There were 9,305 households, 3,854 (41.4%) had children under the age of 18 living in them, 4,940 (53.1%) were opposite-sex married couples living together, 1,514 (16.3%) had a female householder with no husband present, 636 (6.8%) had a male householder with no wife present. There were 560 (6.0%) unmarried opposite-sex partnerships, and 96 (1.0%) same-sex married couples or partnerships. 1,612 households (17.3%) were one person and 560 (6.0%) had someone living alone who was 65 or older.
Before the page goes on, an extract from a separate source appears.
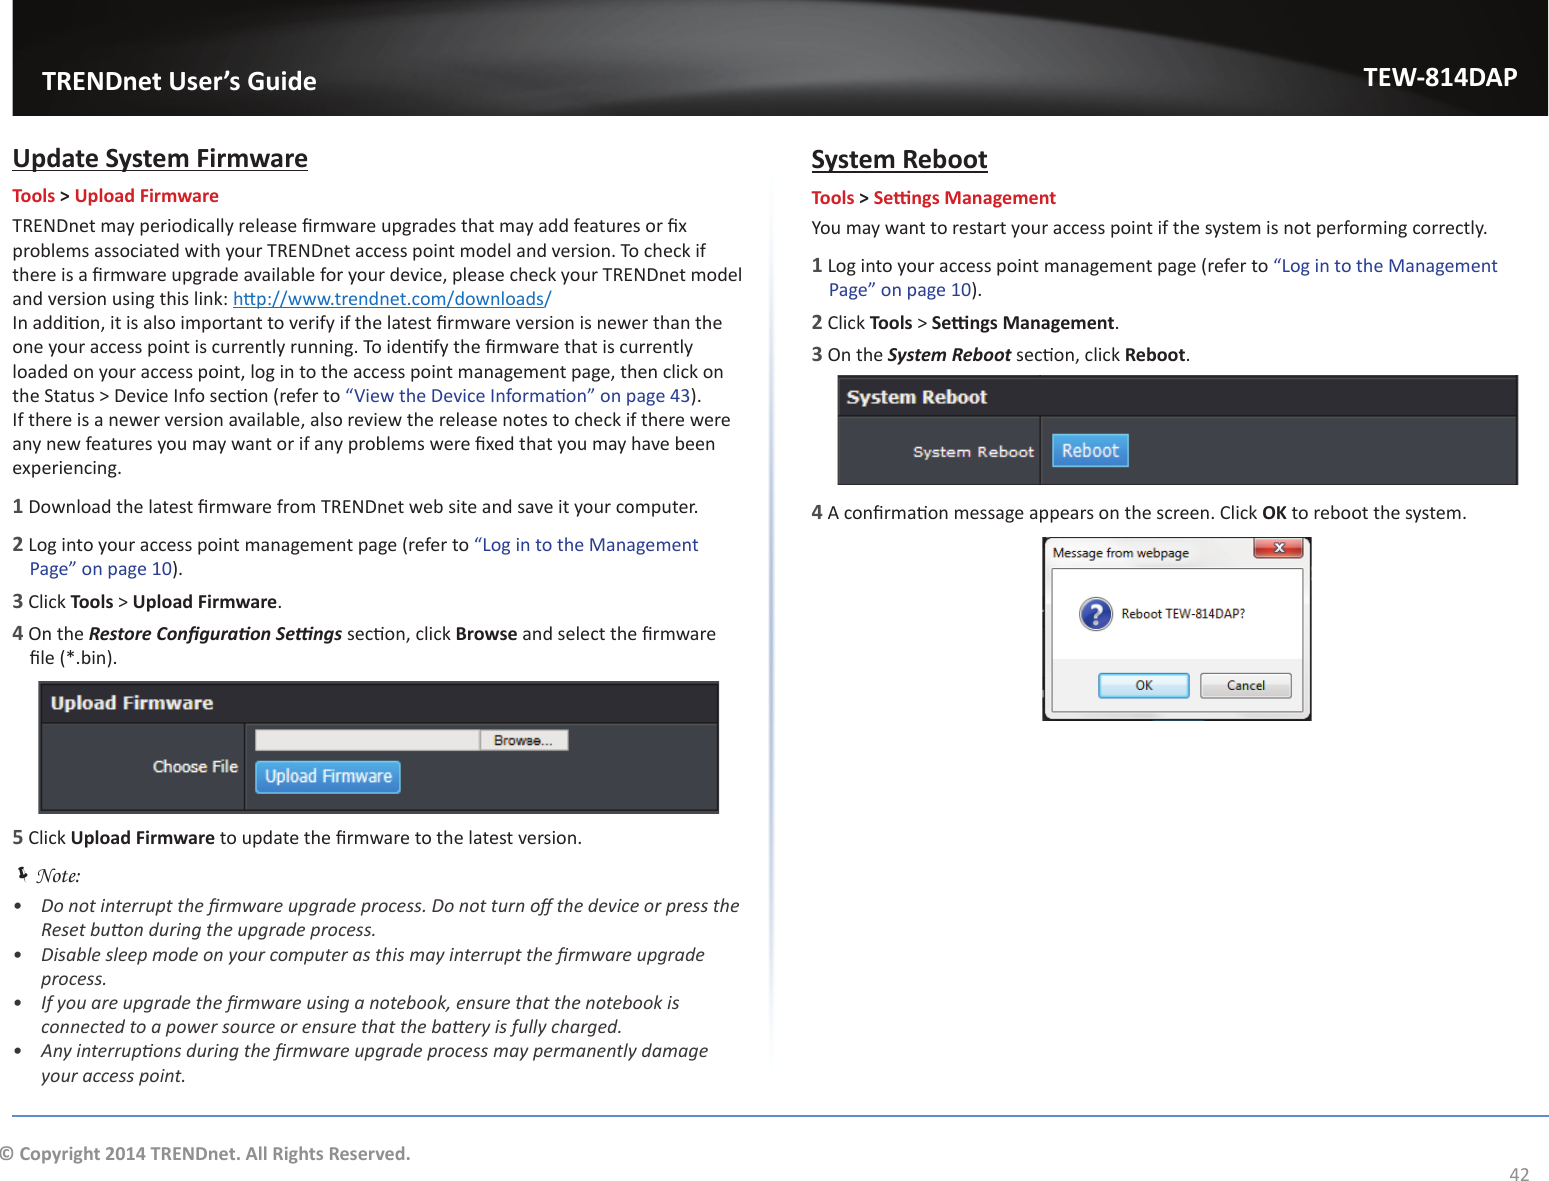                   TRENDnet User’s GuideTEW-814DAP42© Copyright 2014 TRENDnet. All Rights Reserved.hƉĚĂƚĞ^ǇƐƚĞŵ&amp;ŝƌŵǁĂƌĞTools &gt; Upload FirmwaredZEŶĞƚŵĂǇƉĞƌŝŽĚŝĐĂůůǇƌĞůĞĂƐĞĮƌŵǁĂƌĞƵƉŐƌĂĚĞƐƚŚĂƚŵĂǇĂĚĚĨĞĂƚƵƌĞƐŽƌĮǆƉƌŽďůĞŵƐĂƐƐŽĐŝĂƚĞĚǁŝƚŚǇŽƵƌdZEŶĞƚĂĐĐĞƐƐƉŽŝŶƚŵŽĚĞůĂŶĚǀĞƌƐŝŽŶ͘dŽĐŚĞĐŬŝĨƚŚĞƌĞŝƐĂĮƌŵǁĂƌĞƵƉŐƌĂĚĞĂǀĂŝůĂďůĞĨŽƌǇŽƵƌĚĞǀŝĐĞ͕ƉůĞĂƐĞĐŚĞĐŬǇŽƵƌdZEŶĞƚŵŽĚĞůĂŶĚǀĞƌƐŝŽŶƵƐŝŶŐƚŚŝƐůŝŶŬ͗ŚƩƉ͗ͬͬǁǁǁ͘ƚƌĞŶĚŶĞƚ͘ĐŽŵͬĚŽǁŶůŽĂĚƐ//ŶĂĚĚŝƟŽŶ͕ŝƚŝƐĂůƐŽŝŵƉŽƌƚĂŶƚƚŽǀĞƌŝĨǇŝĨƚŚĞůĂƚĞƐƚĮƌŵǁĂƌĞǀĞƌƐŝŽŶŝƐŶĞǁĞƌƚŚĂŶƚŚĞŽŶĞǇŽƵƌĂĐĐĞƐƐƉŽŝŶƚŝƐĐƵƌƌĞŶƚůǇƌƵŶŶŝŶŐ͘dŽŝĚĞŶƟĨǇƚŚĞĮƌŵǁĂƌĞƚŚĂƚŝƐĐƵƌƌĞŶƚůǇůŽĂĚĞĚŽŶǇŽƵƌĂĐĐĞƐƐƉŽŝŶƚ͕ůŽŐŝŶƚŽƚŚĞĂĐĐĞƐƐƉŽŝŶƚŵĂŶĂŐĞŵĞŶƚƉĂŐĞ͕ƚŚĞŶĐůŝĐŬŽŶƚŚĞ^ƚĂƚƵƐхĞǀŝĐĞ/ŶĨŽƐĞĐƟŽŶ;ƌĞĨĞƌƚŽ͞sŝĞǁƚŚĞĞǀŝĐĞ/ŶĨŽƌŵĂƟŽŶ͟ŽŶƉĂŐĞϰϯ). /ĨƚŚĞƌĞŝƐĂŶĞǁĞƌǀĞƌƐŝŽŶĂǀĂŝůĂďůĞ͕ĂůƐŽƌĞǀŝĞǁƚŚĞƌĞůĞĂƐĞŶŽƚĞƐƚŽĐŚĞĐŬŝĨƚŚĞƌĞǁĞƌĞĂŶǇŶĞǁĨĞĂƚƵƌĞƐǇŽƵŵĂǇǁĂŶƚŽƌŝĨĂŶǇƉƌŽďůĞŵƐǁĞƌĞĮǆĞĚƚŚĂƚǇŽƵŵĂǇŚĂǀĞďĞĞŶexperiencing.1ŽǁŶůŽĂĚƚŚĞůĂƚĞƐƚĮƌŵǁĂƌĞĨƌŽŵdZEŶĞƚǁĞďƐŝƚĞĂŶĚƐĂǀĞŝƚǇŽƵƌĐŽŵƉƵƚĞƌ͘2 Log into your access point management page (refer to ͞&gt;ŽŐŝŶƚŽƚŚĞDĂŶĂŐĞŵĞŶƚWĂŐĞ͟ŽŶƉĂŐĞϭϬ).3 Click Tools &gt; Upload Firmware.4 On the ZĞƐƚŽƌĞŽŶĮŐƵƌĂƟŽŶ^ĞƫŶŐƐƐĞĐƟŽŶ͕ĐůŝĐŬBrowseĂŶĚƐĞůĞĐƚƚŚĞĮƌŵǁĂƌĞĮůĞ;Ύ͘ďŝŶͿ͘5 Click Upload FirmwareƚŽƵƉĚĂƚĞƚŚĞĮƌŵǁĂƌĞƚŽƚŚĞůĂƚĞƐƚǀĞƌƐŝŽŶ͘ ÍNote: ͻ ŽŶŽƚŝŶƚĞƌƌƵƉƚƚŚĞĮƌŵǁĂƌĞƵƉŐƌĂĚĞƉƌŽĐĞƐƐ͘ŽŶŽƚƚƵƌŶŽīƚŚĞĚĞǀŝĐĞŽƌƉƌĞƐƐƚŚĞZĞƐĞƚďƵƩŽŶĚƵƌŝŶŐƚŚĞƵƉŐƌĂĚĞƉƌŽĐĞƐƐ͘ͻ ŝƐĂďůĞƐůĞĞƉŵŽĚĞŽŶǇŽƵƌĐŽŵƉƵƚĞƌĂƐƚŚŝƐŵĂǇŝŶƚĞƌƌƵƉƚƚŚĞĮƌŵǁĂƌĞƵƉŐƌĂĚĞƉƌŽĐĞƐƐ͘ͻ /ĨǇŽƵĂƌĞƵƉŐƌĂĚĞƚŚĞĮƌŵǁĂƌĞƵƐŝŶŐĂŶŽƚĞďŽŽŬ͕ĞŶƐƵƌĞƚŚĂƚƚŚĞŶŽƚĞďŽŽŬŝƐĐŽŶŶĞĐƚĞĚƚŽĂƉŽǁĞƌƐŽƵƌĐĞŽƌĞŶƐƵƌĞƚŚĂƚƚŚĞďĂƩĞƌǇŝƐĨƵůůǇĐŚĂƌŐĞĚ͘ͻ ŶǇŝŶƚĞƌƌƵƉƟŽŶƐĚƵƌŝŶŐƚŚĞĮƌŵǁĂƌĞƵƉŐƌĂĚĞƉƌŽĐĞƐƐŵĂǇƉĞƌŵĂŶĞŶƚůǇĚĂŵĂŐĞǇŽƵƌĂĐĐĞƐƐƉŽŝŶƚ͘^ǇƐƚĞŵZĞďŽŽƚTools &gt; ^ĞƫŶŐƐDĂŶĂŐĞŵĞŶƚYou may want to restart your access point if the system is not performing correctly.1 Log into your access point management page (refer to ͞&gt;ŽŐŝŶƚŽƚŚĞDĂŶĂŐĞŵĞŶƚWĂŐĞ͟ŽŶƉĂŐĞϭϬ).2 Click Tools &gt; ^ĞƫŶŐƐDĂŶĂŐĞŵĞŶƚ.3 On the ^ǇƐƚĞŵZĞďŽŽƚƐĞĐƟŽŶ͕ĐůŝĐŬReboot.4ĐŽŶĮƌŵĂƟŽŶŵĞƐƐĂŐĞĂƉƉĞĂƌƐŽŶƚŚĞƐĐƌĞĞŶ͘ůŝĐŬOKƚŽƌĞďŽŽƚƚŚĞƐǇƐƚĞŵ͘

The average household size was 3.01. There were 7,090 families (76.2% of households); the average family size was 3.39.

The age distribution was 7,481 people (26.5%) under the age of 18, 2,819 people (10.0%) aged 18 to 24, 7,496 people (26.6%) aged 25 to 44, 7,461 people (26.5%) aged 45 to 64, and 2,948 people (10.5%) who were 65 or older. The median age was 35.0 years. For every 100 females, there were 95.2 males. For every 100 females age 18 and over, there were 90.6 males.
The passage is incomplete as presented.